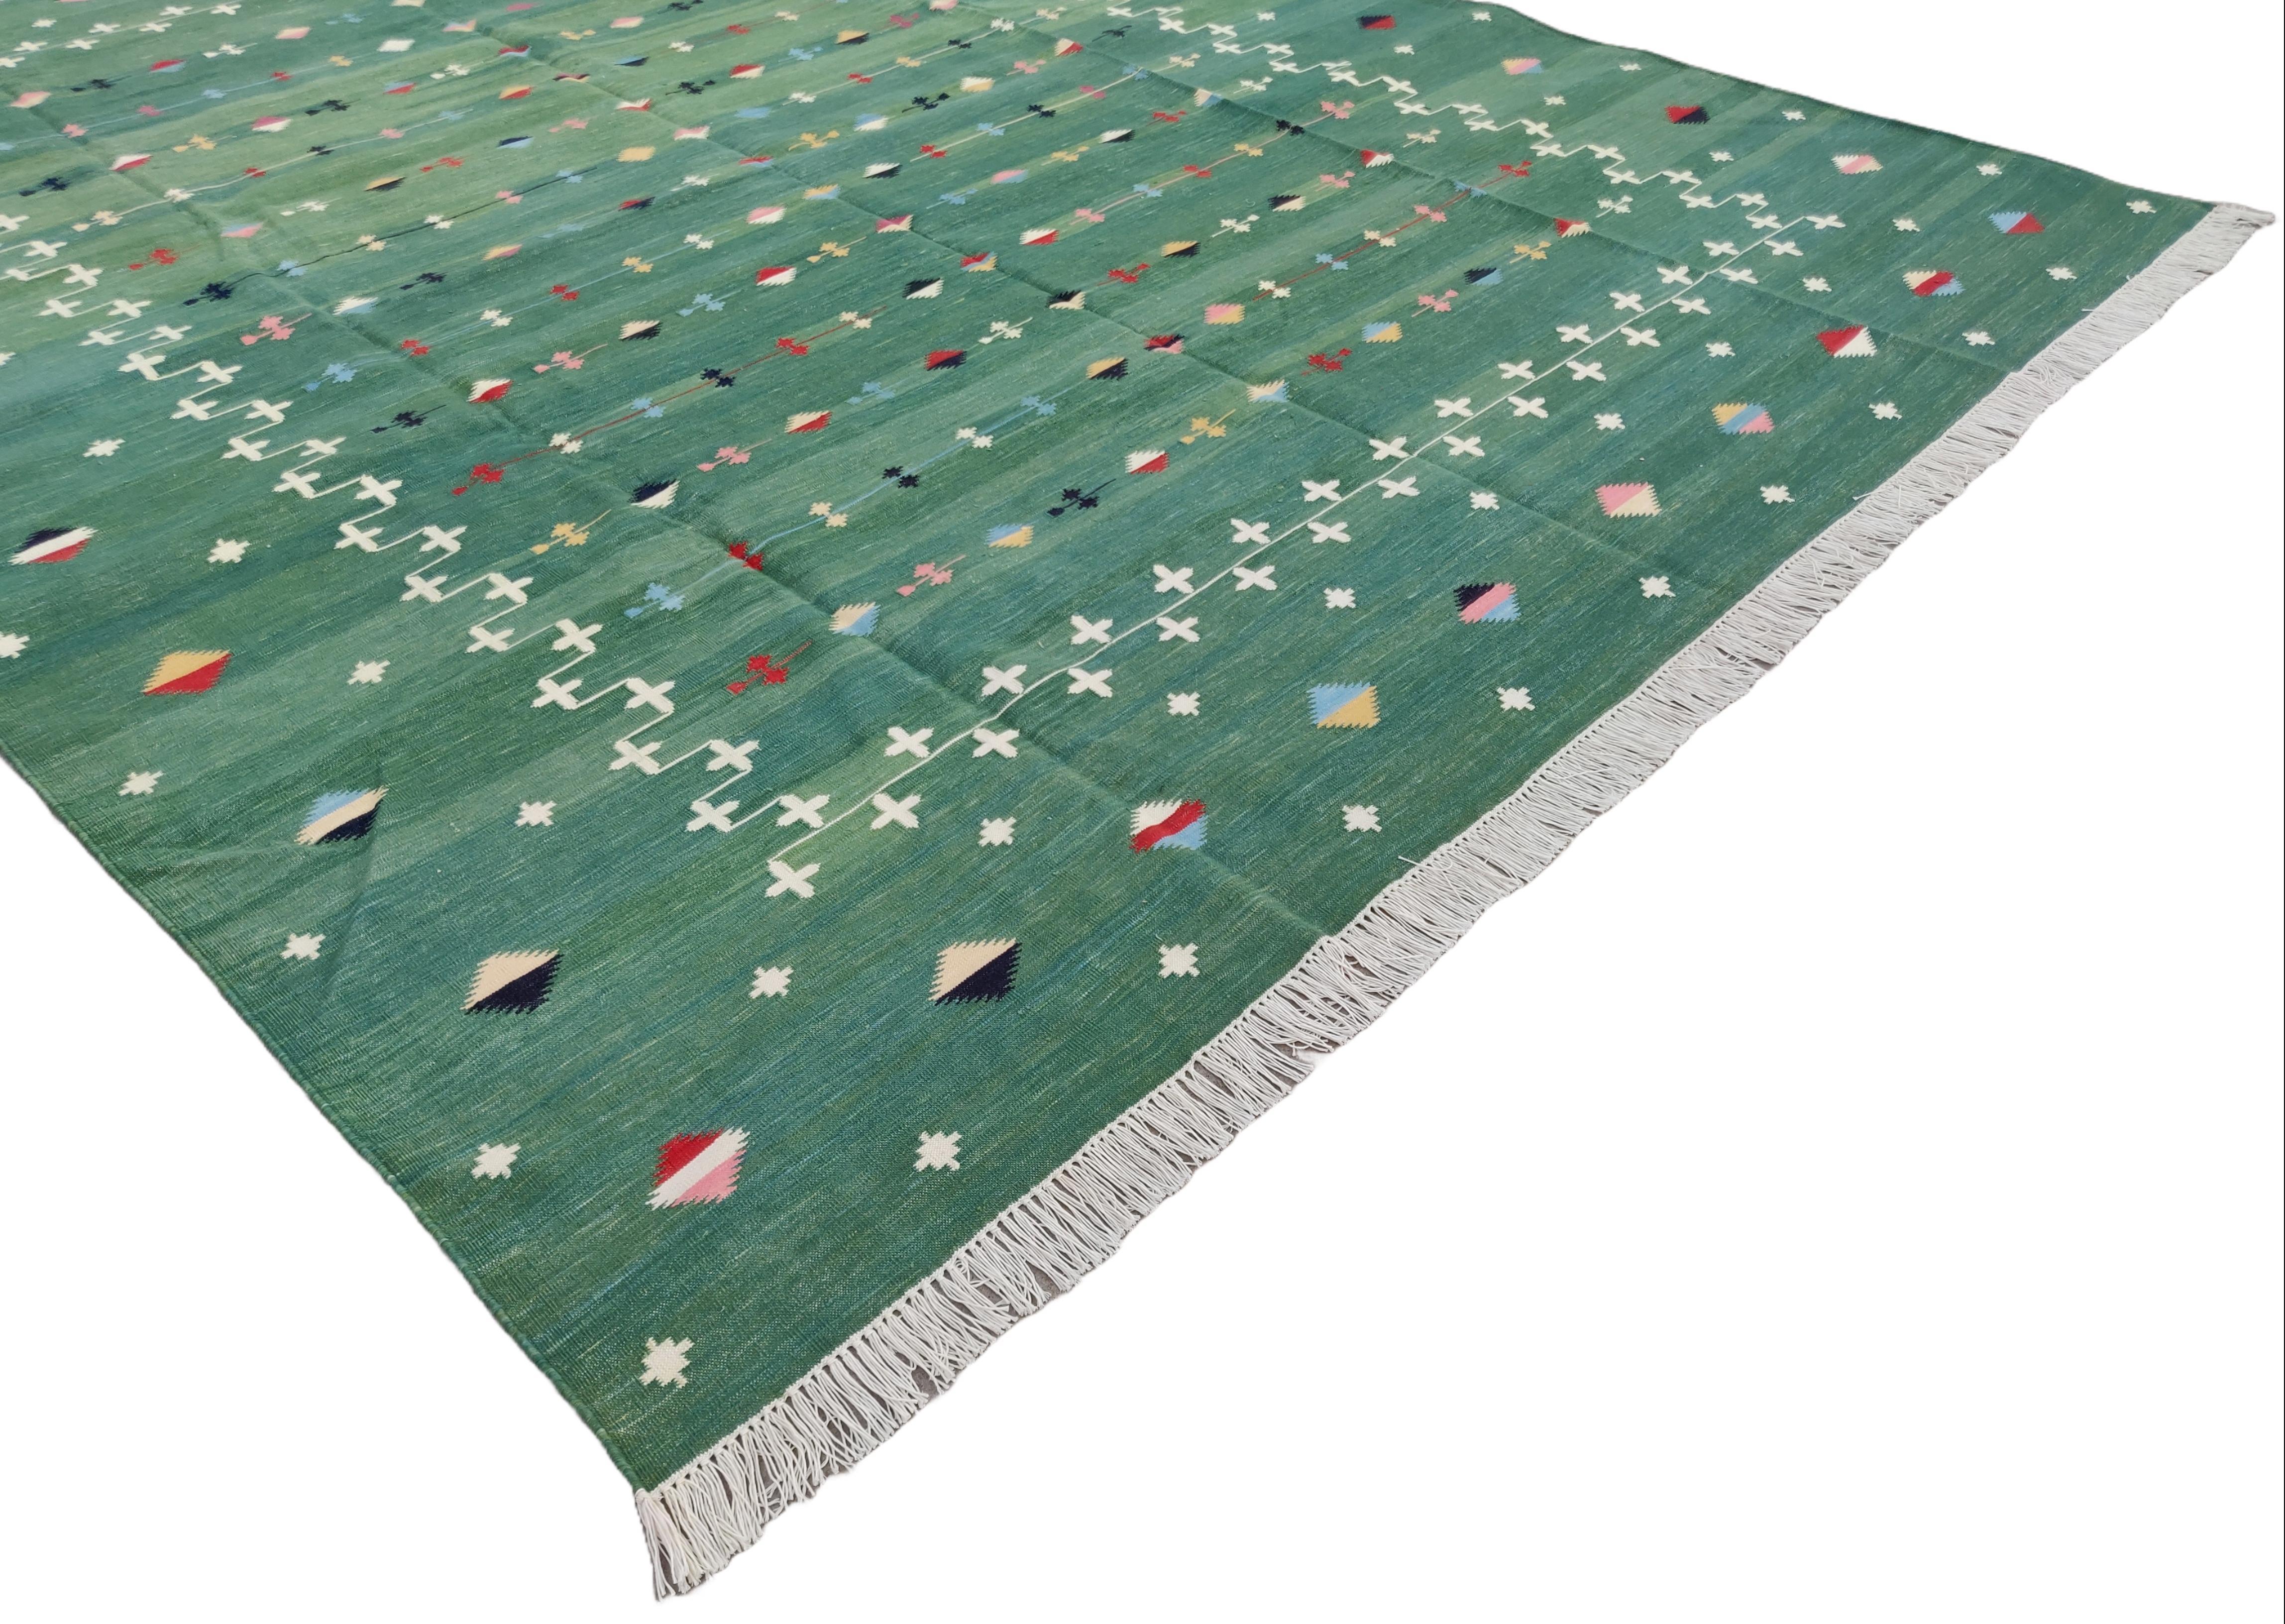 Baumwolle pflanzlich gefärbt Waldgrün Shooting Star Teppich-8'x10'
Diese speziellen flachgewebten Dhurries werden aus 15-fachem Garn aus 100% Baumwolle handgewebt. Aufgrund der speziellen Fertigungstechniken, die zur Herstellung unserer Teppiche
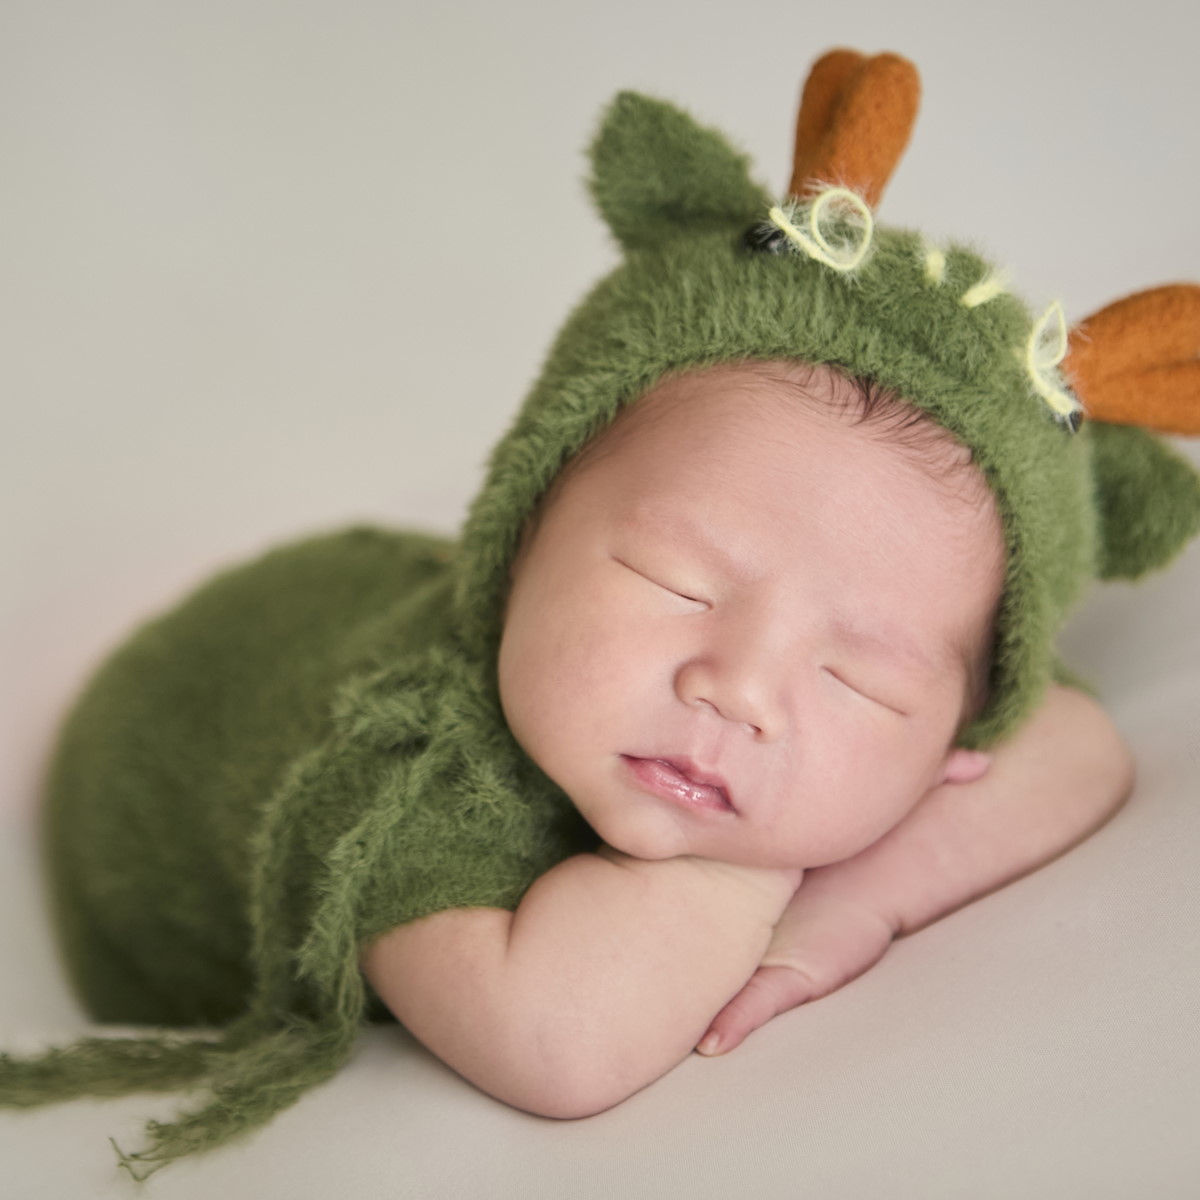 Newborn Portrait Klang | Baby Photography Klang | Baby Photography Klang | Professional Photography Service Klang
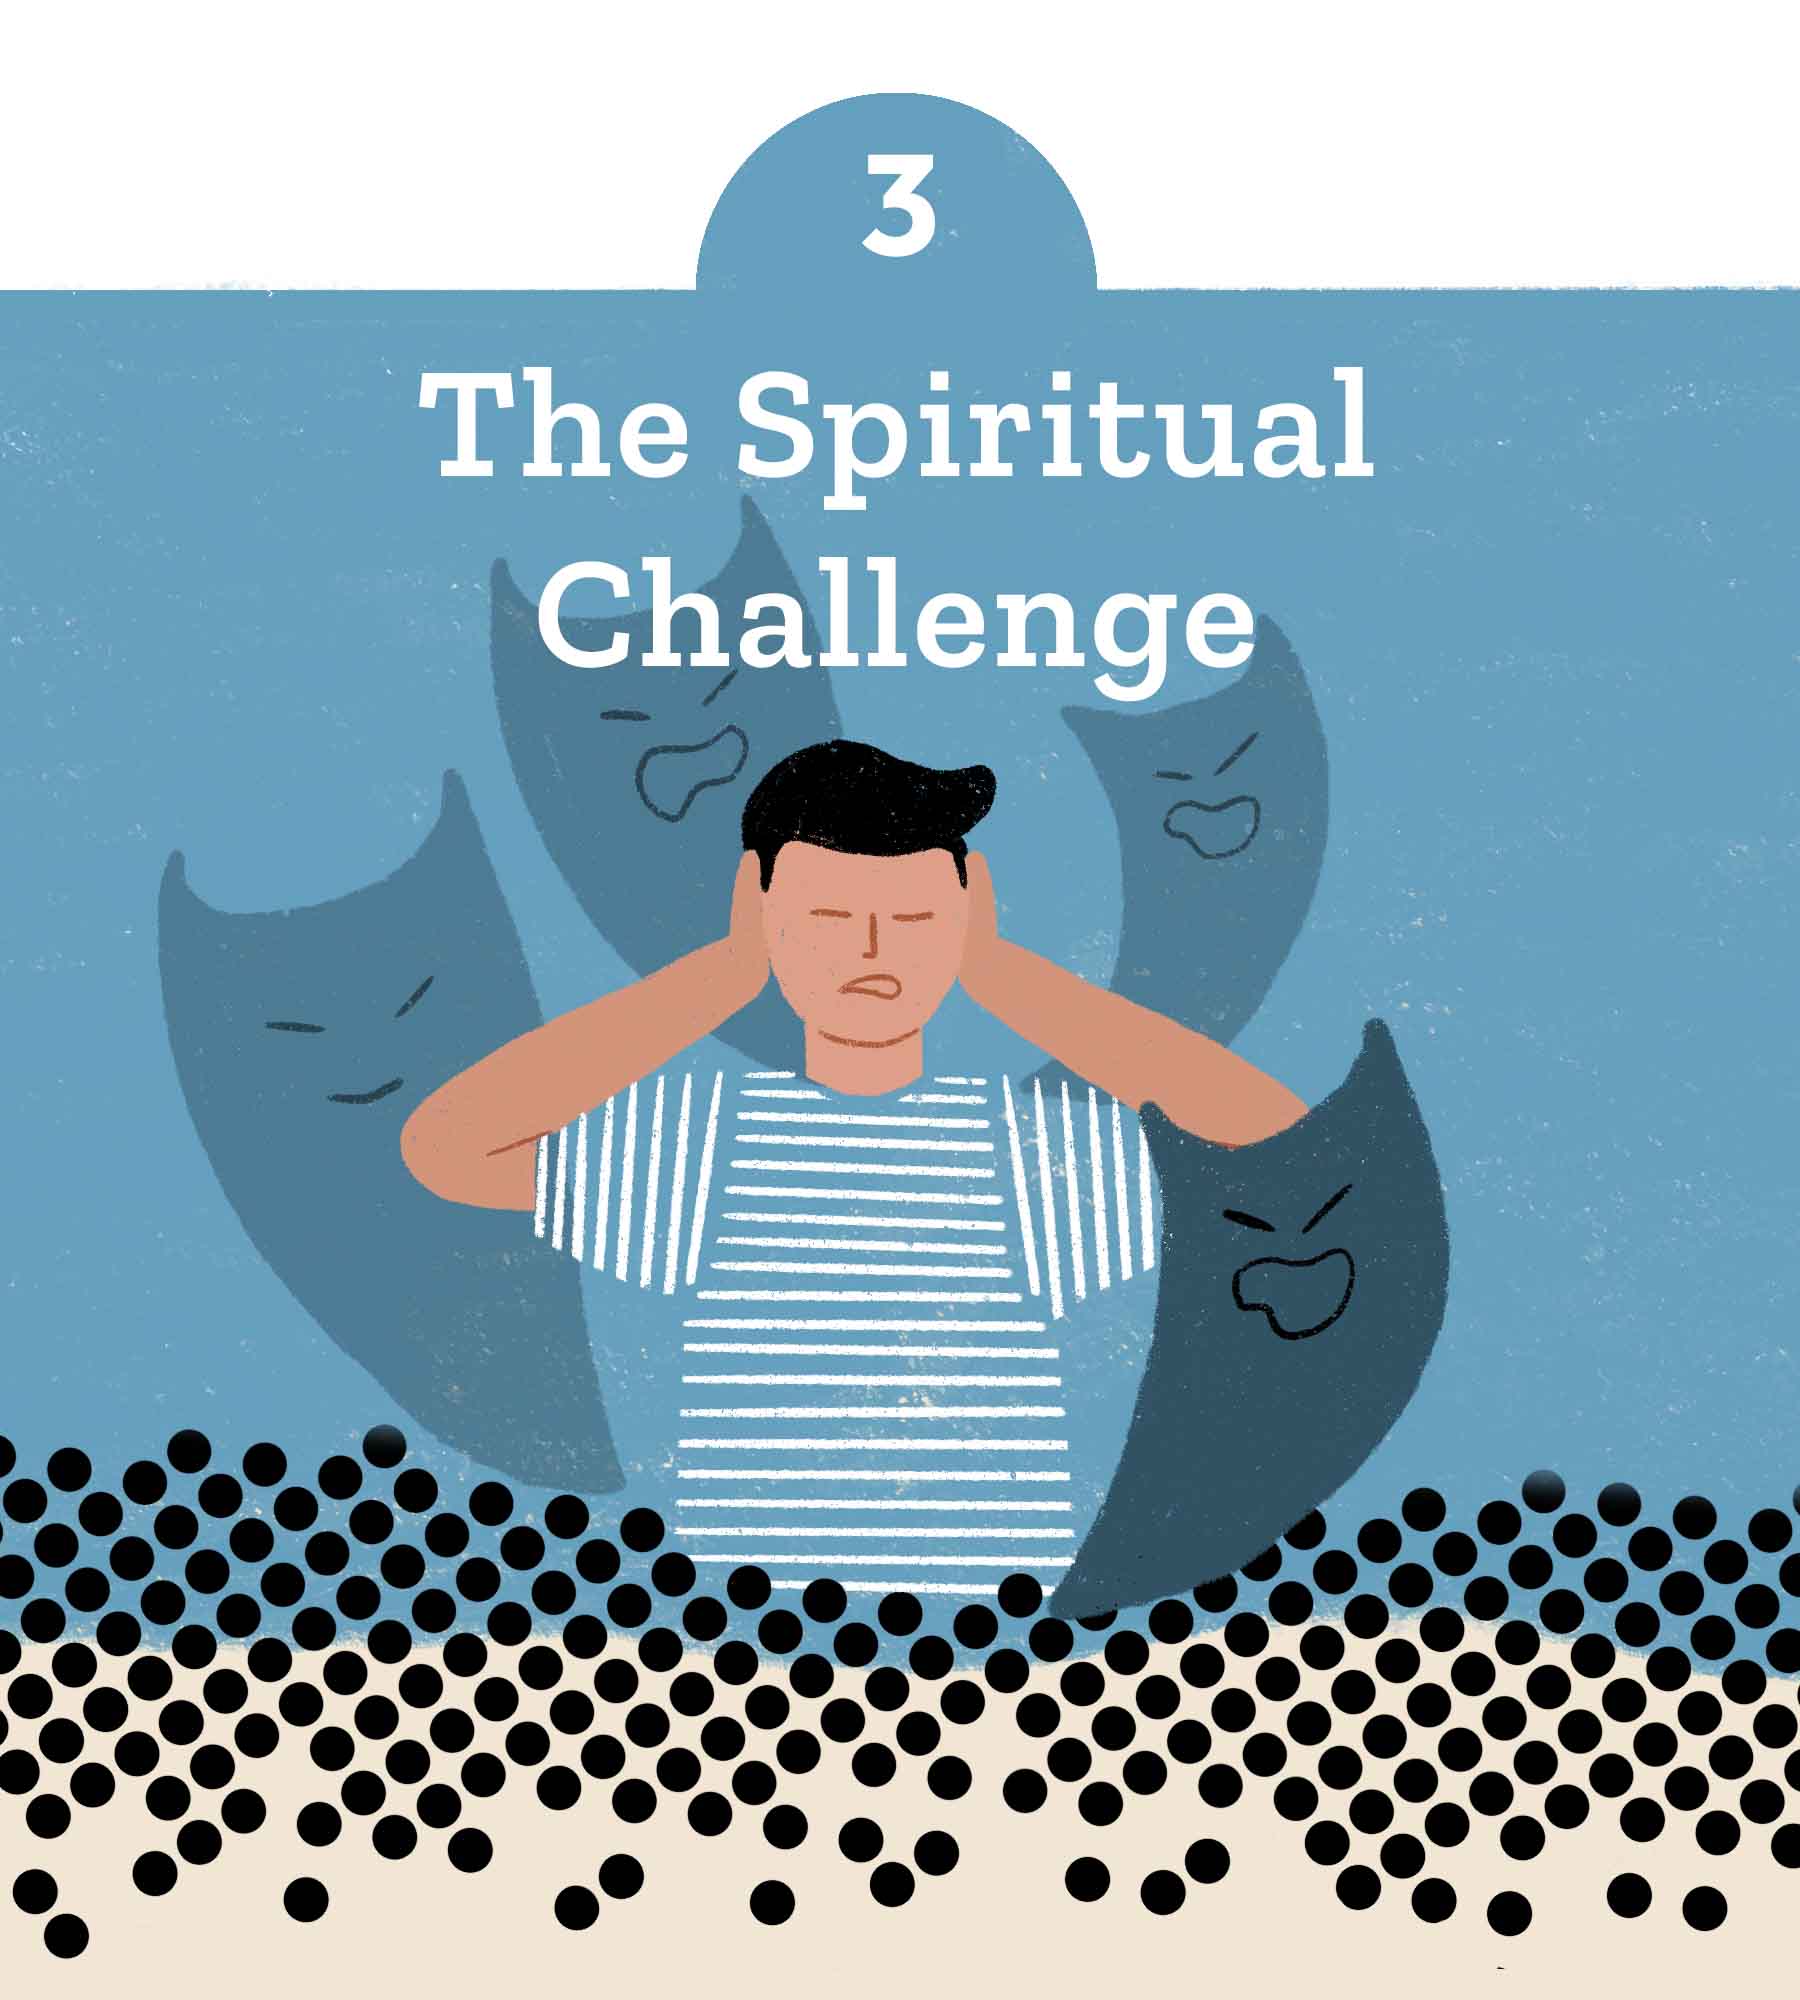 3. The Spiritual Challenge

★ ★ ★

Task brief — A faithful copy of all the lines above is needed, with the pictures omitted.

The answer —
 Baumwolle pflanzlich gefärbt Waldgrün Shooting Star Teppich-8'x10'
Diese speziellen flachgewebten Dhurries werden aus 15-fachem Garn aus 100% Baumwolle handgewebt. Aufgrund der speziellen Fertigungstechniken, die zur Herstellung unserer Teppiche
 Newborn Portrait Klang | Baby Photography Klang | Baby Photography Klang | Professional Photography Service Klang
 3. The Spiritual Challenge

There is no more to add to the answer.